* [EXERCISE DIRECTIONS] Repeat the listing exactly. Do not carry over any pictures.

* [GIVEN DATA]

-.-.-

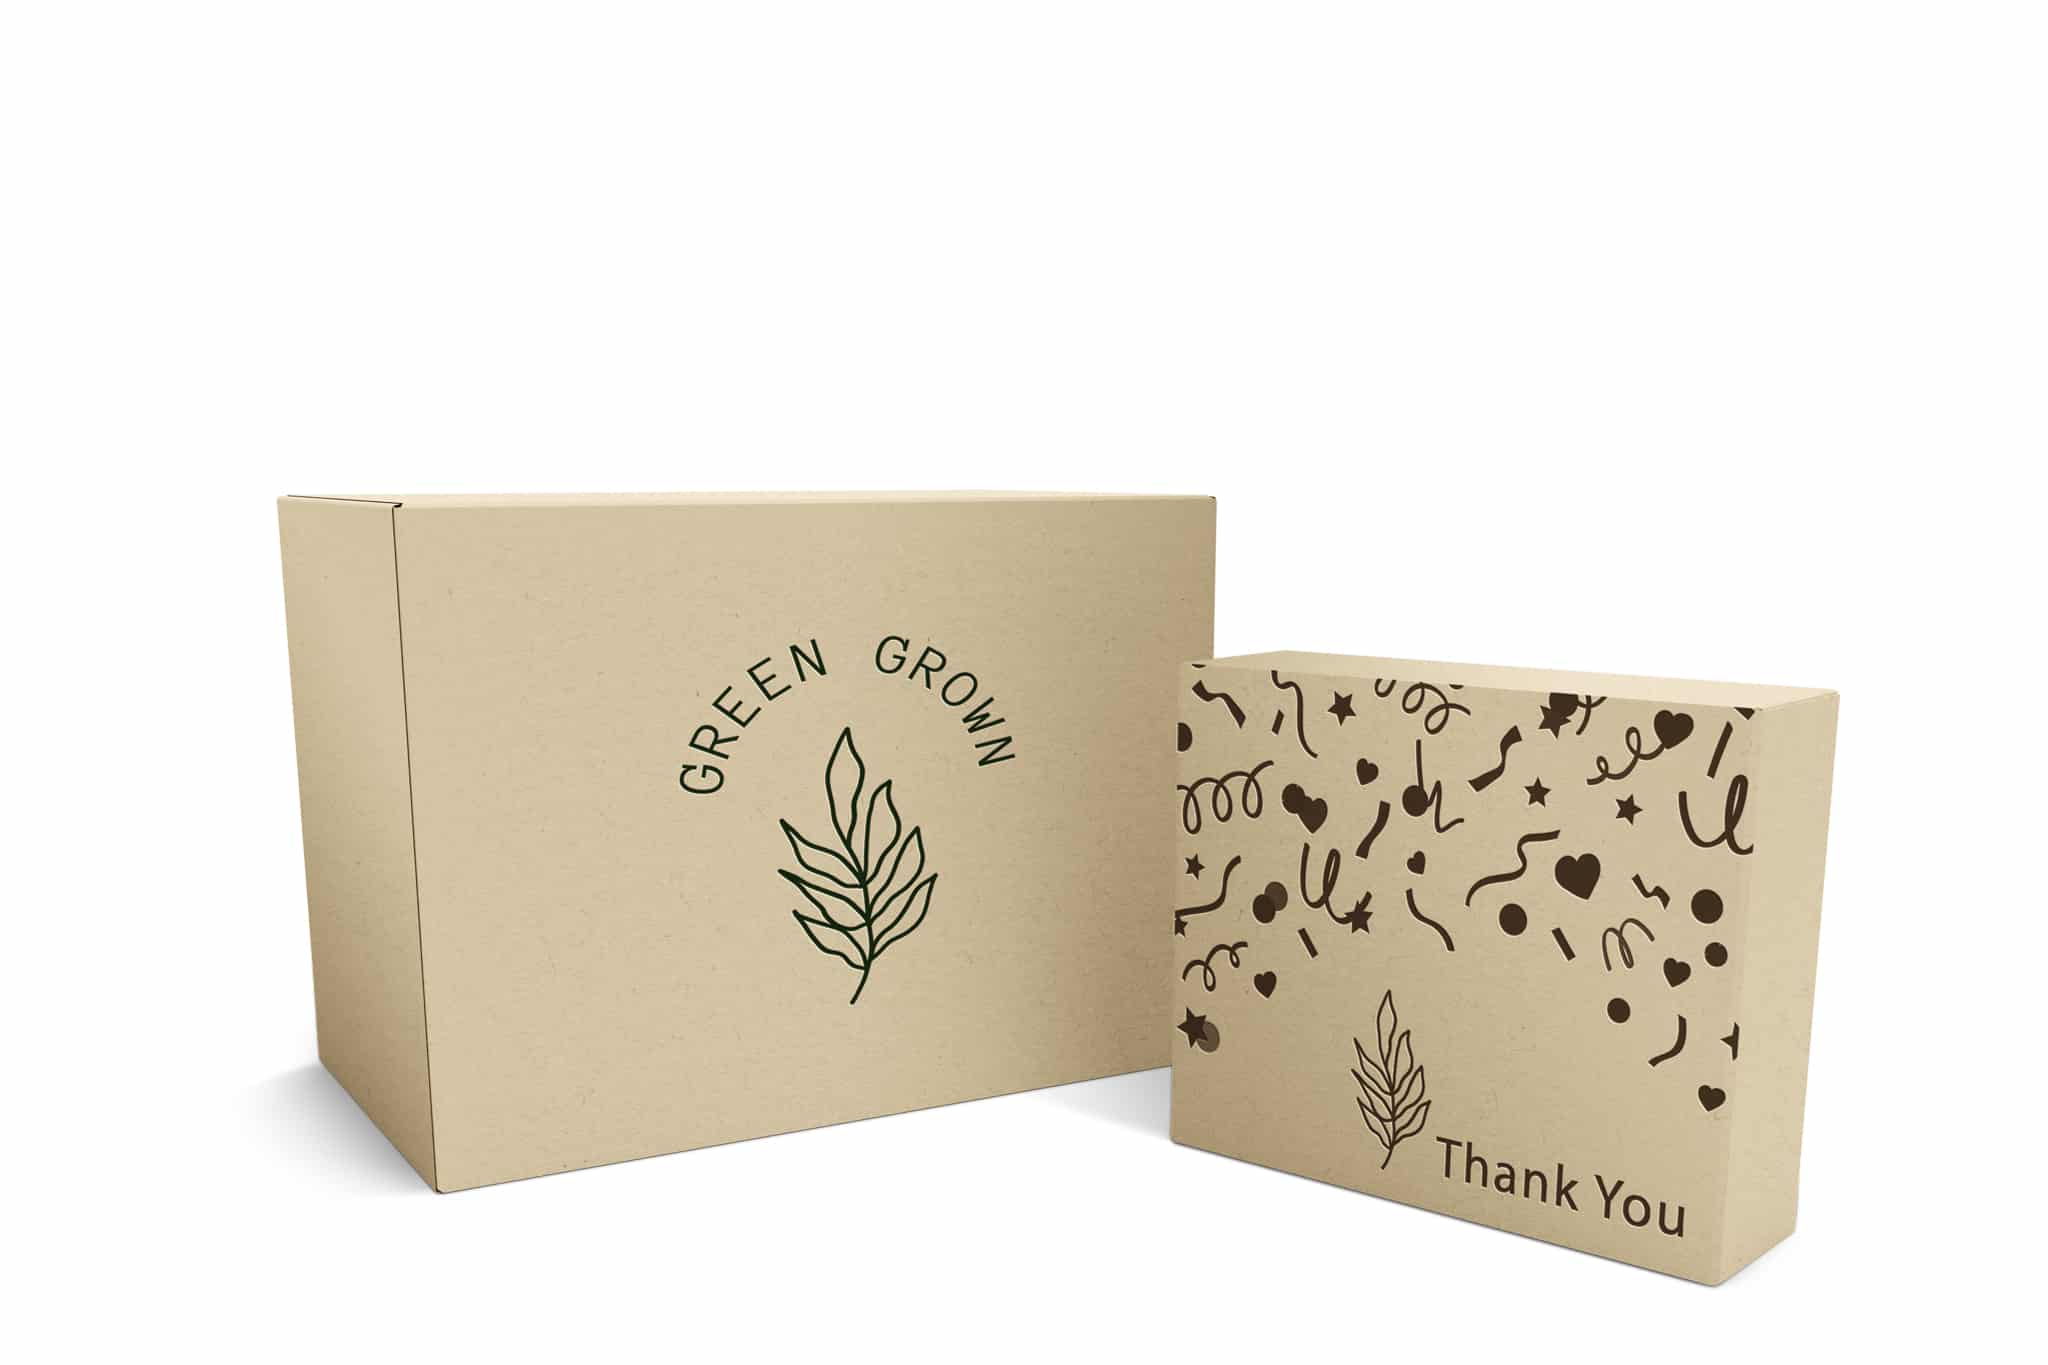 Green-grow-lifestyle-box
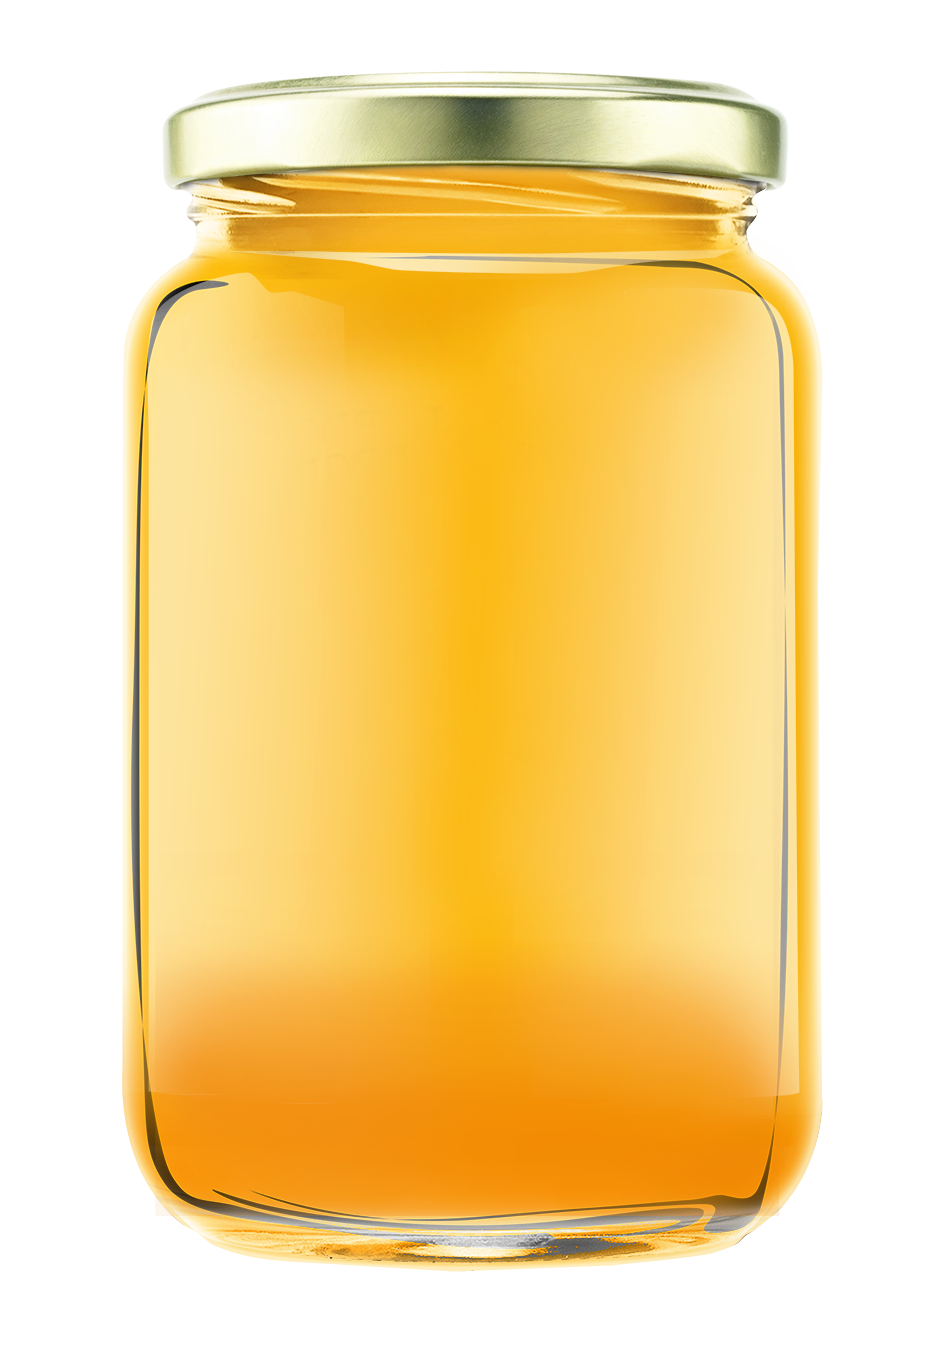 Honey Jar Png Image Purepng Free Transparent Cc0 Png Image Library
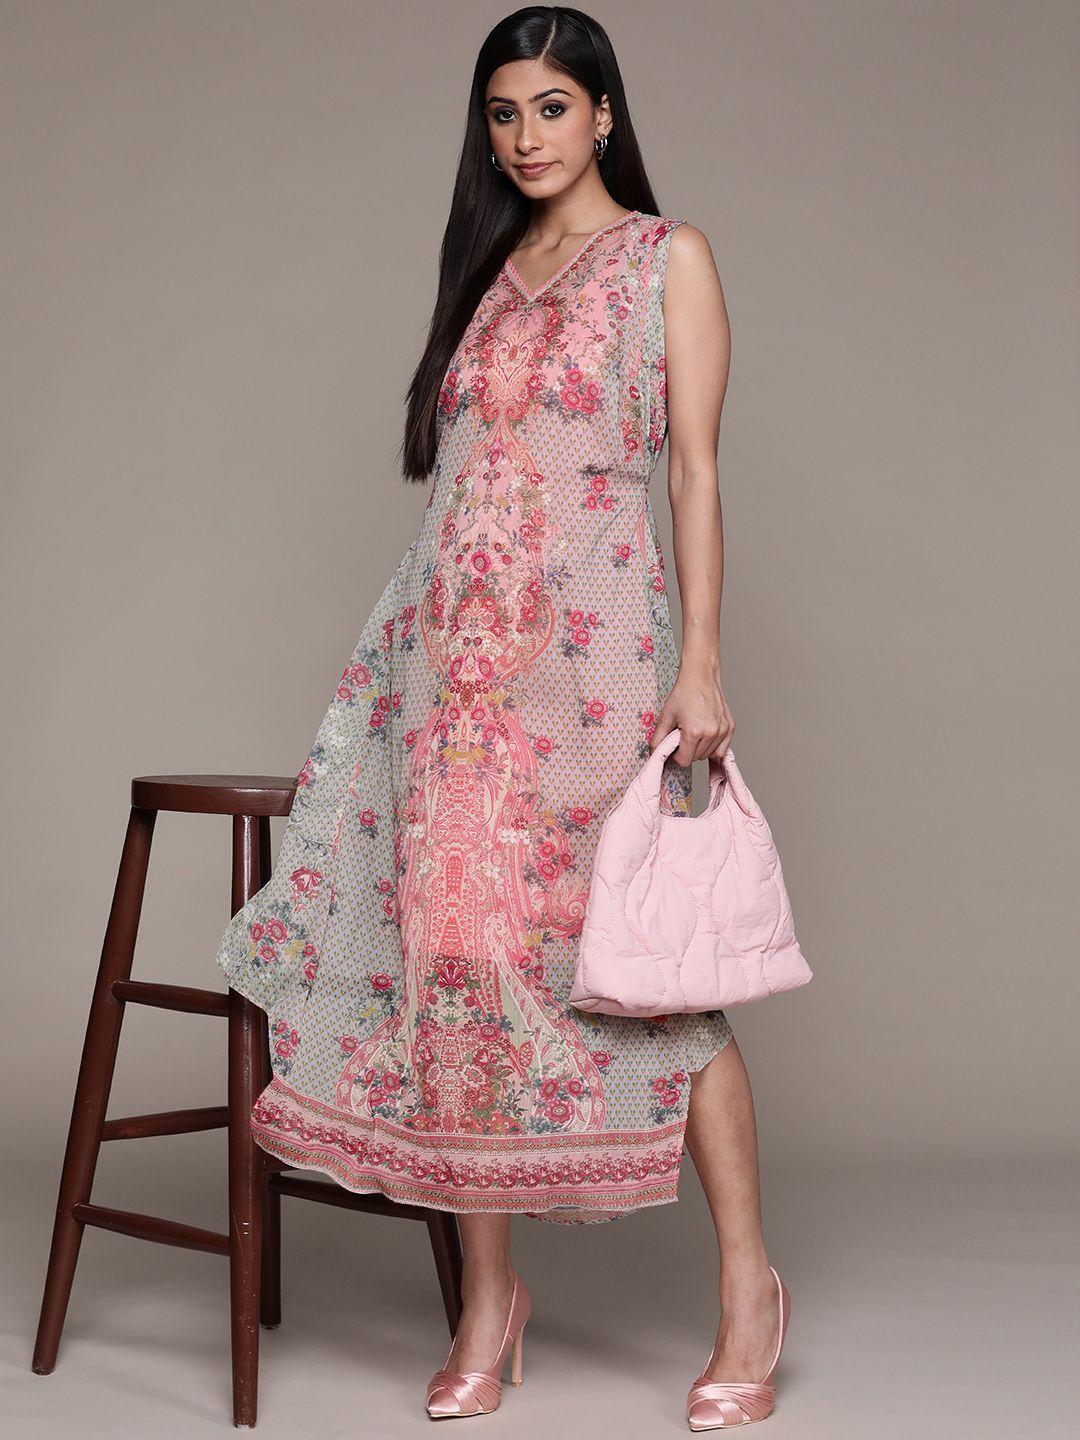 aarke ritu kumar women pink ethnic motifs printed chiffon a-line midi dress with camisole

-.-.-

* [ANSWER TO THE EXERCISE]
 Green-grow-lifestyle-box
 Honey Jar Png Image Purepng Free Transparent Cc0 Png Image Library
 aarke ritu kumar women pink ethnic motifs printed chiffon a-line midi dress with camisole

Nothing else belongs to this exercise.